§ Data below

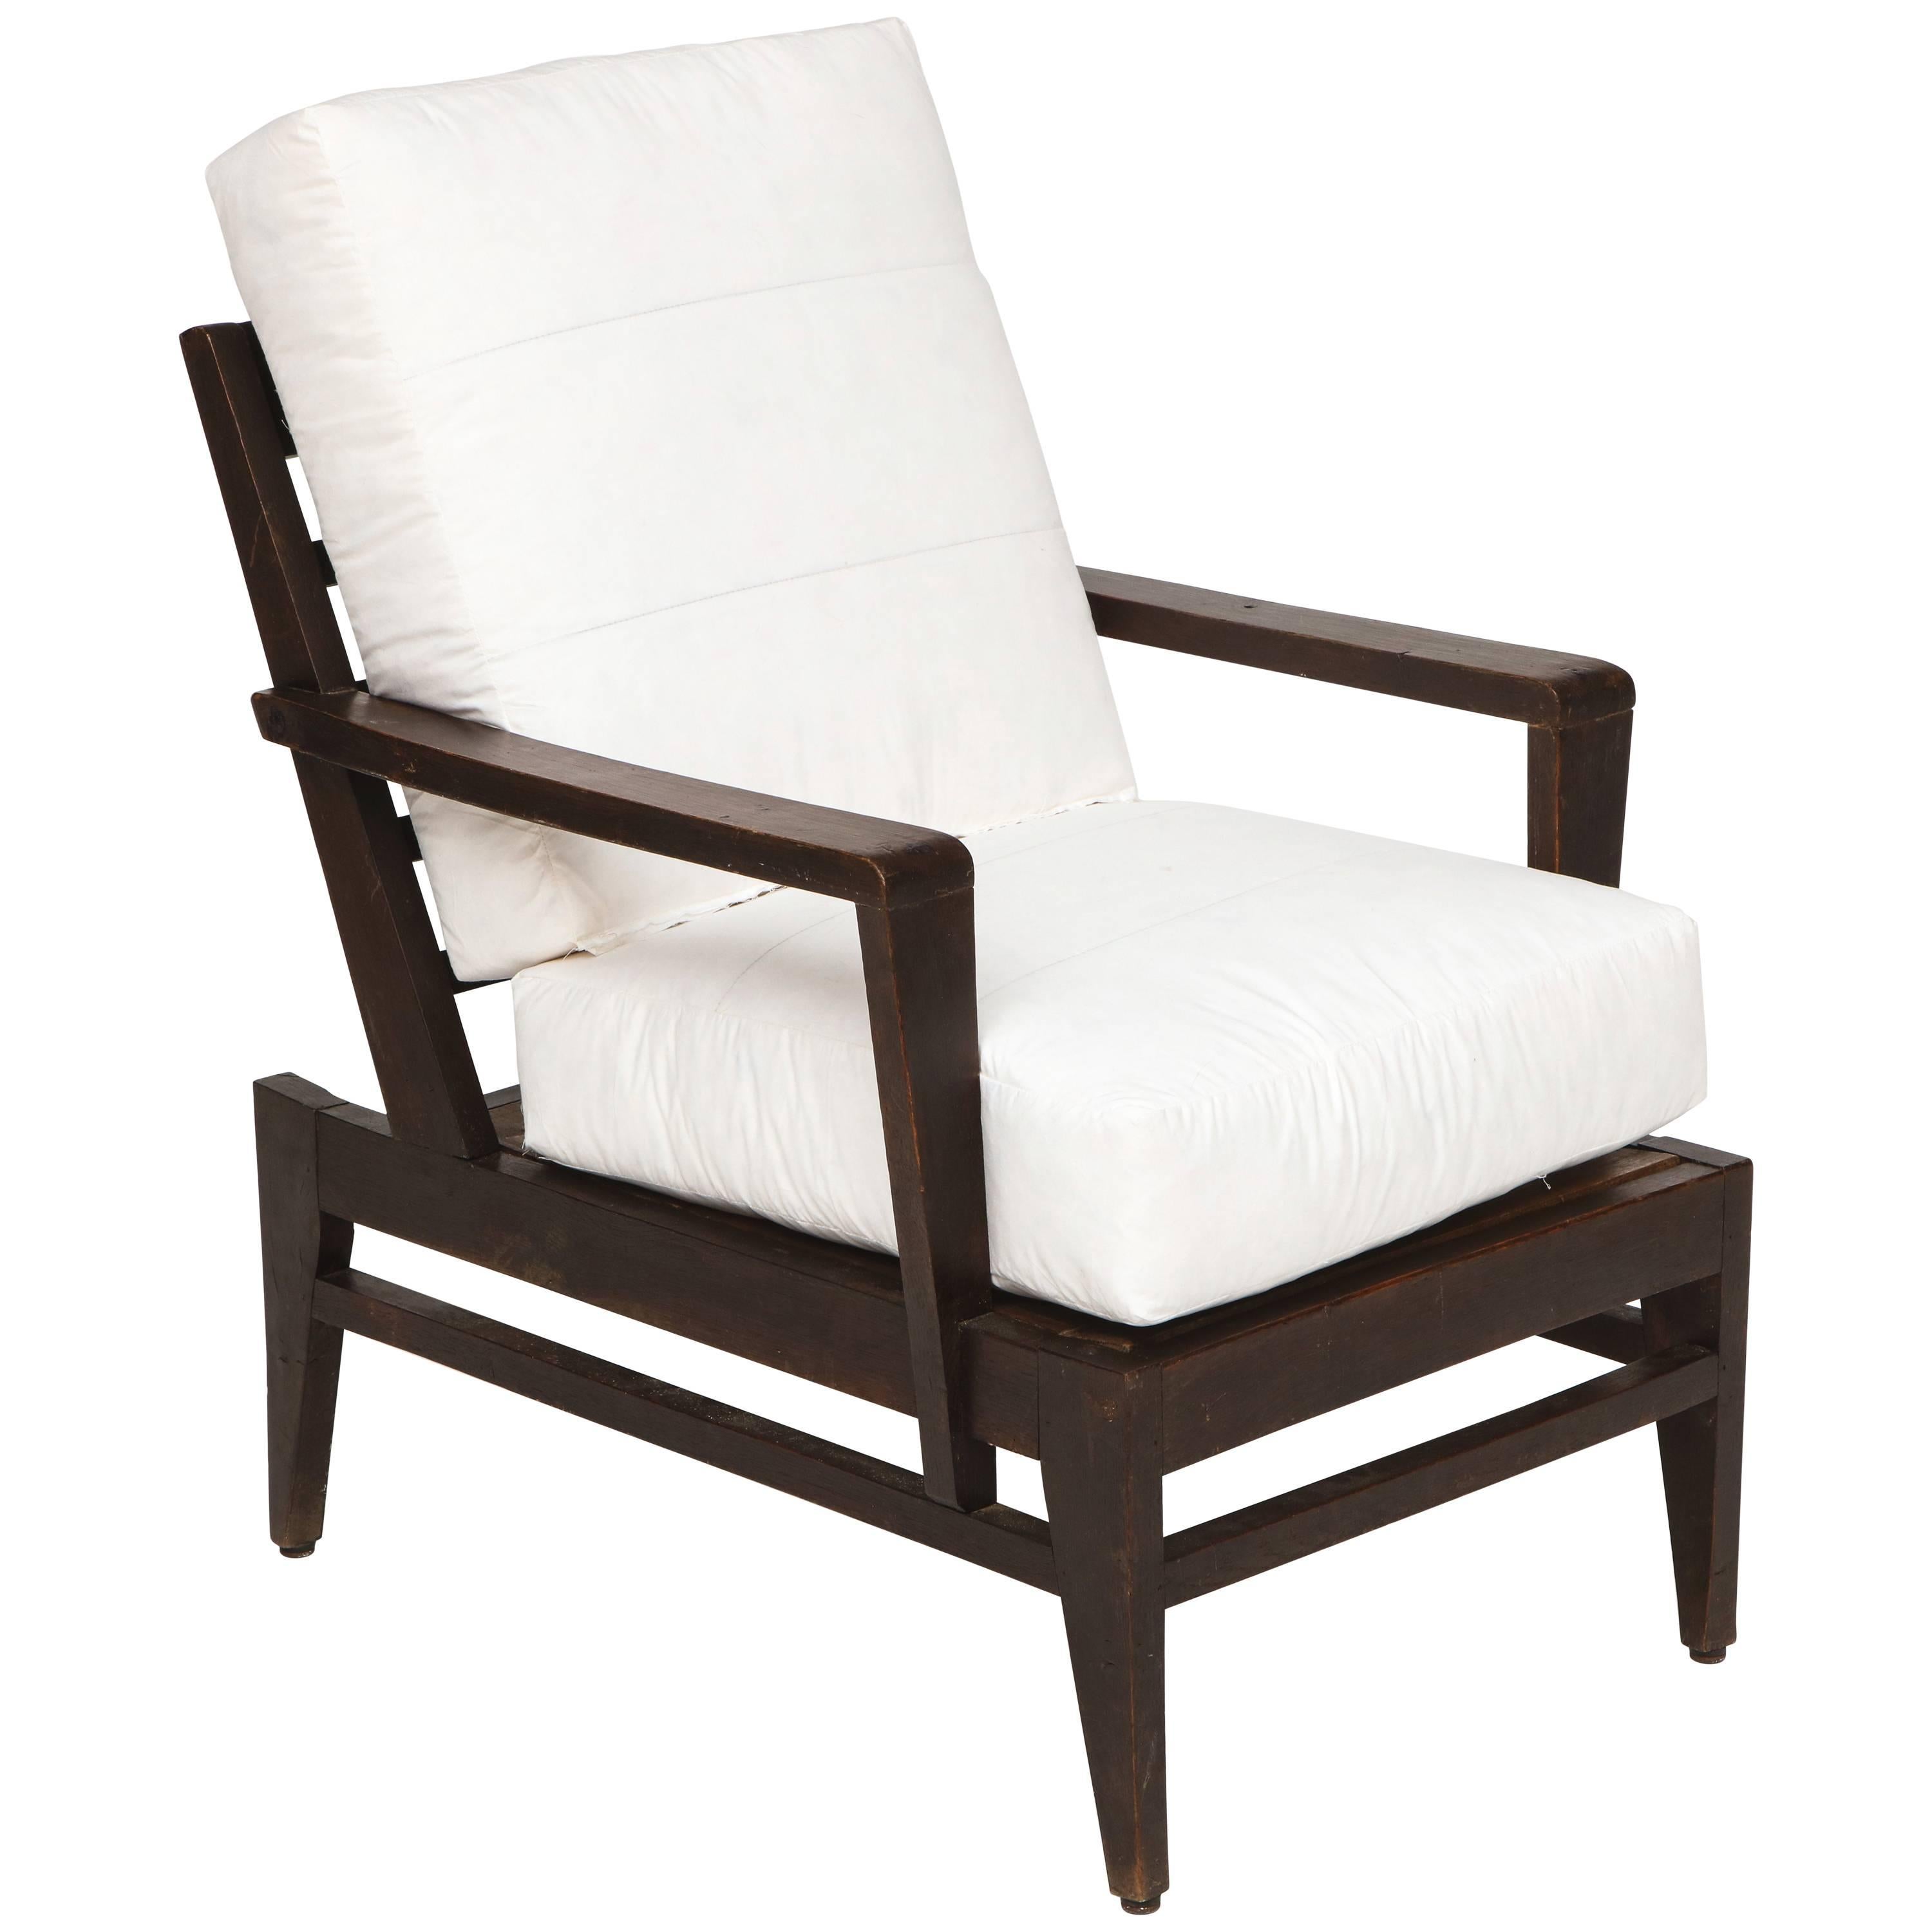 Rene Gabriel dark wood oak lounge chair white cushion midcentury, France, 1950s
Beautiful construction and bones. The chair currently has foam/down muslin cushions that can be upholstered in any fabric.
Beautiful furniture example of postwar

§ Task goal
A single number is the whole answer here: the number of lines in the data that include "Beautiful".

§ Task solution
2